[Material provided]
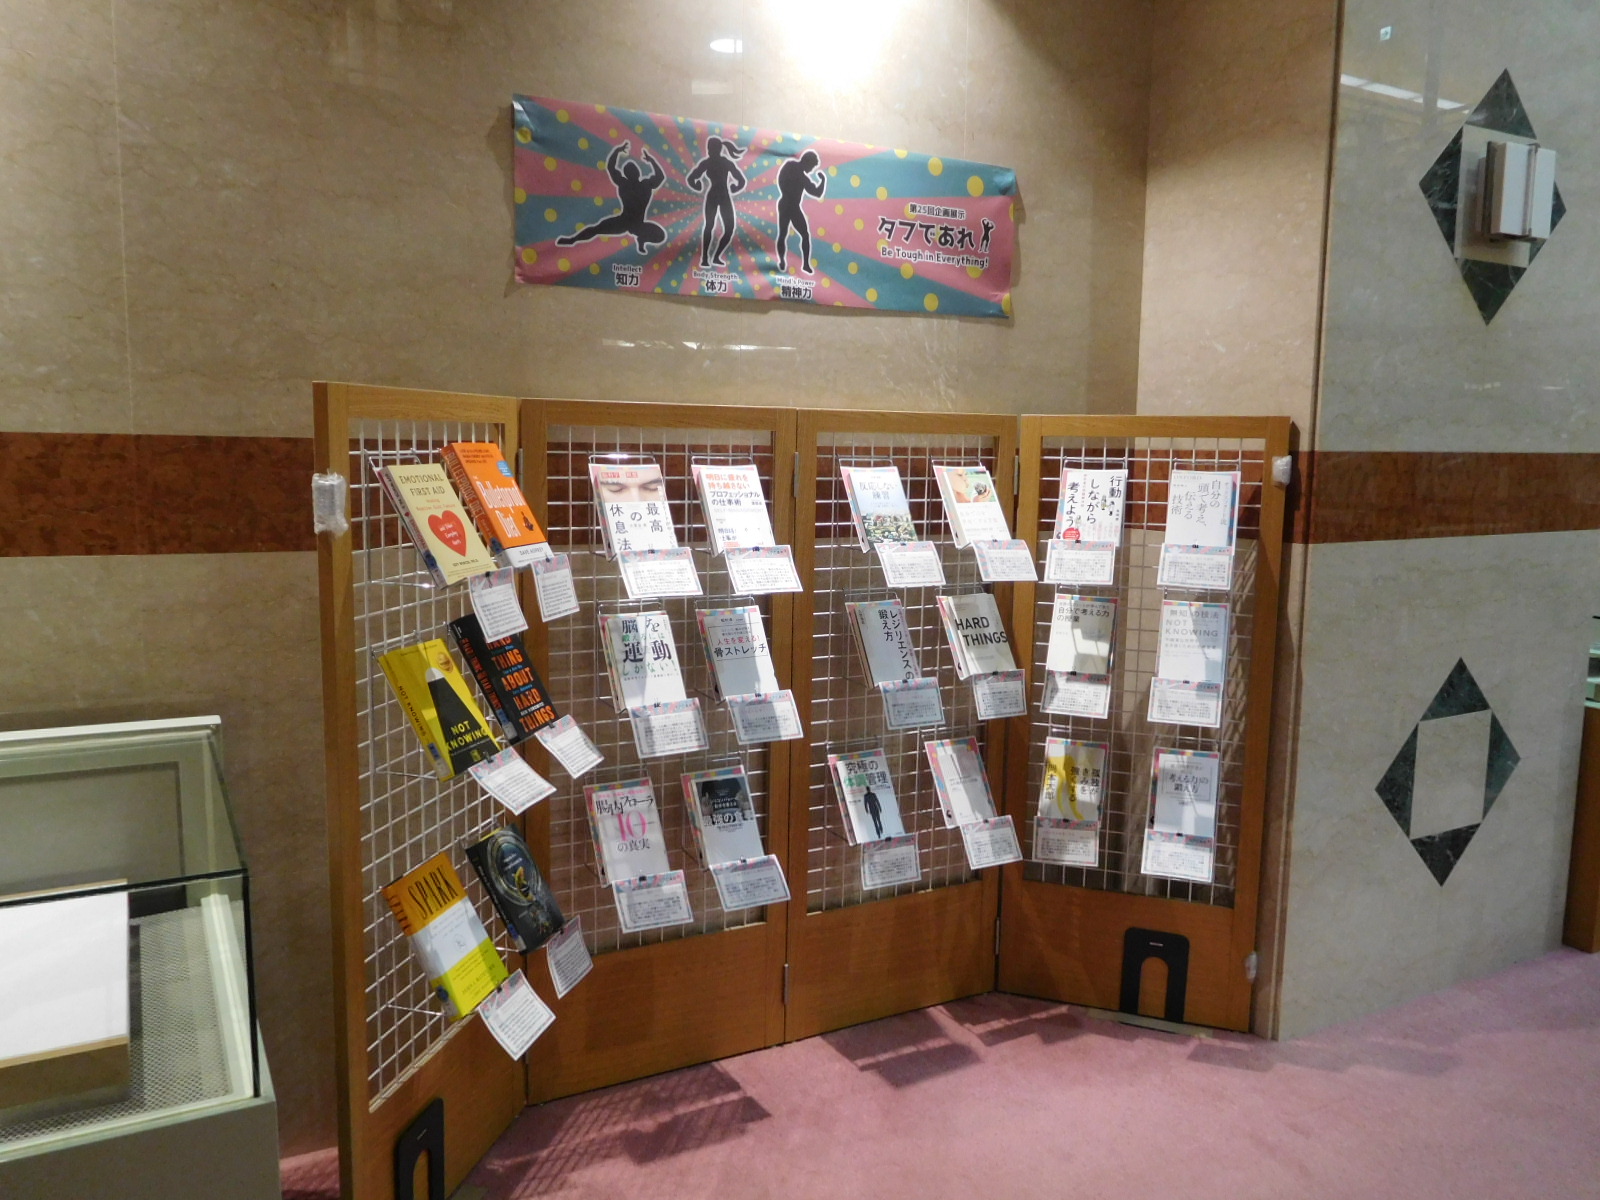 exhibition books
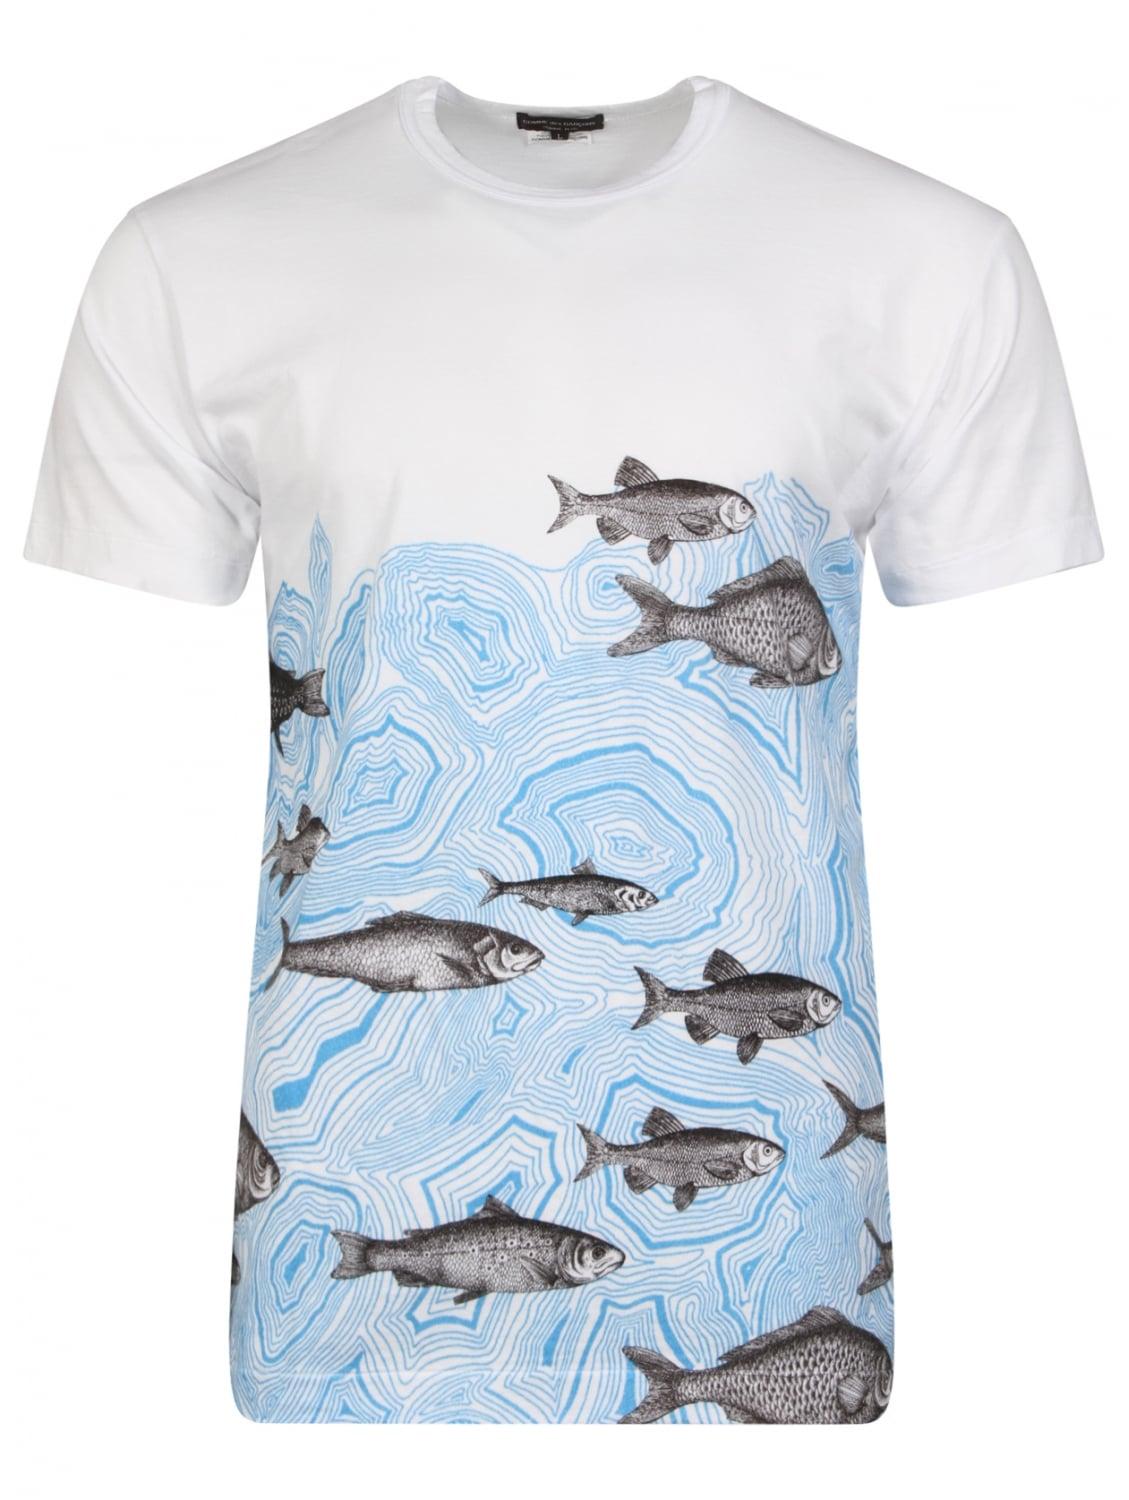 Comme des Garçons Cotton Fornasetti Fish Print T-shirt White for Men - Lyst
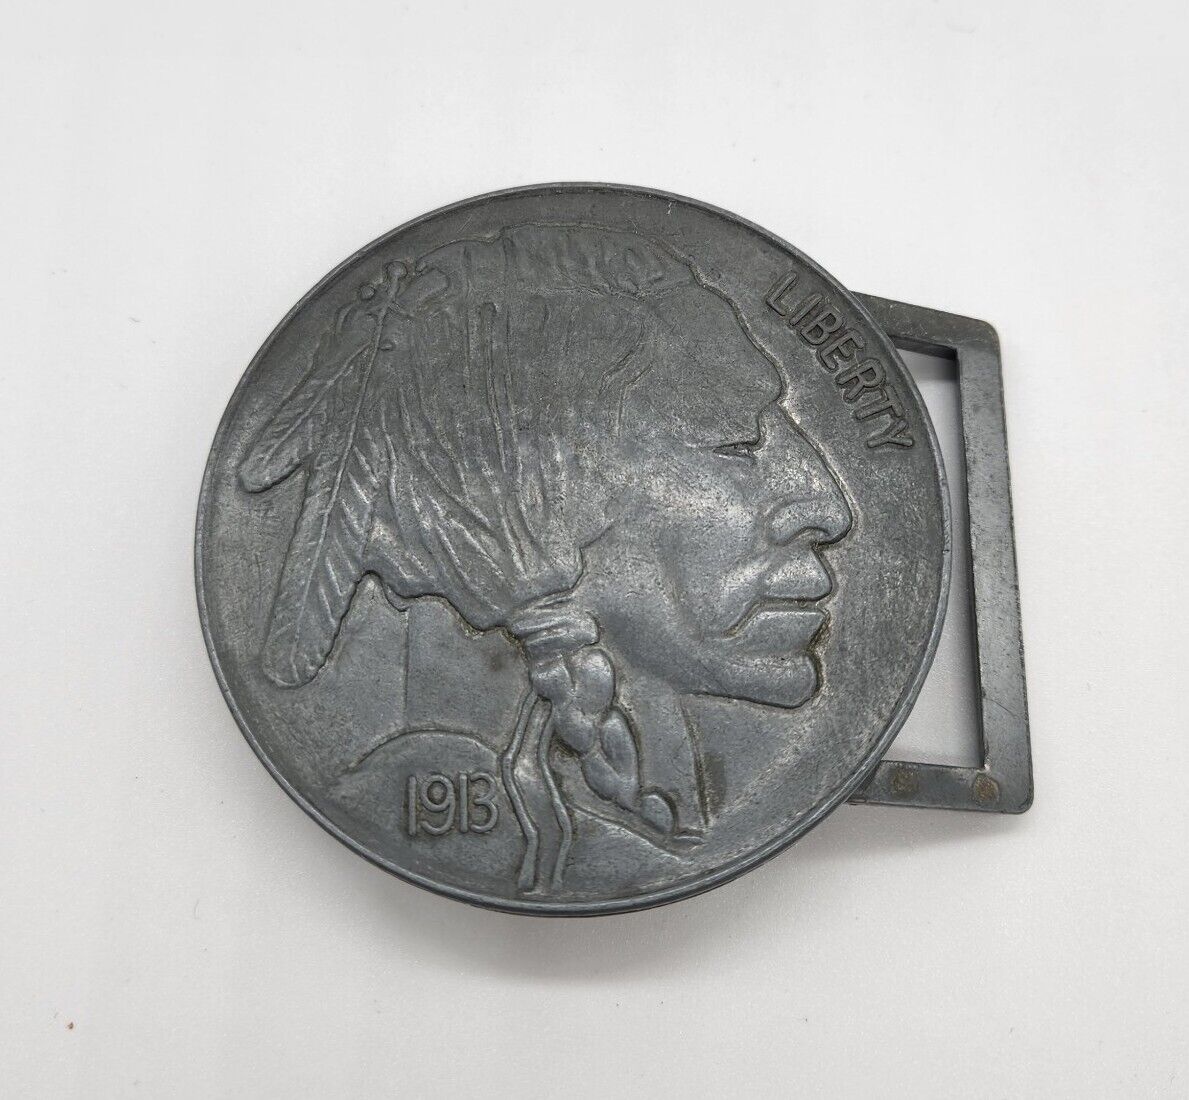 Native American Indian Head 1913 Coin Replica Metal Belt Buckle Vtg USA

[Exercise]
Would you please set down the listing above exactly, minus its images?

[Reply to the exercise]
 exhibition books
 Comme des Garçons Cotton Fornasetti Fish Print T-shirt White for Men - Lyst
 Native American Indian Head 1913 Coin Replica Metal Belt Buckle Vtg USA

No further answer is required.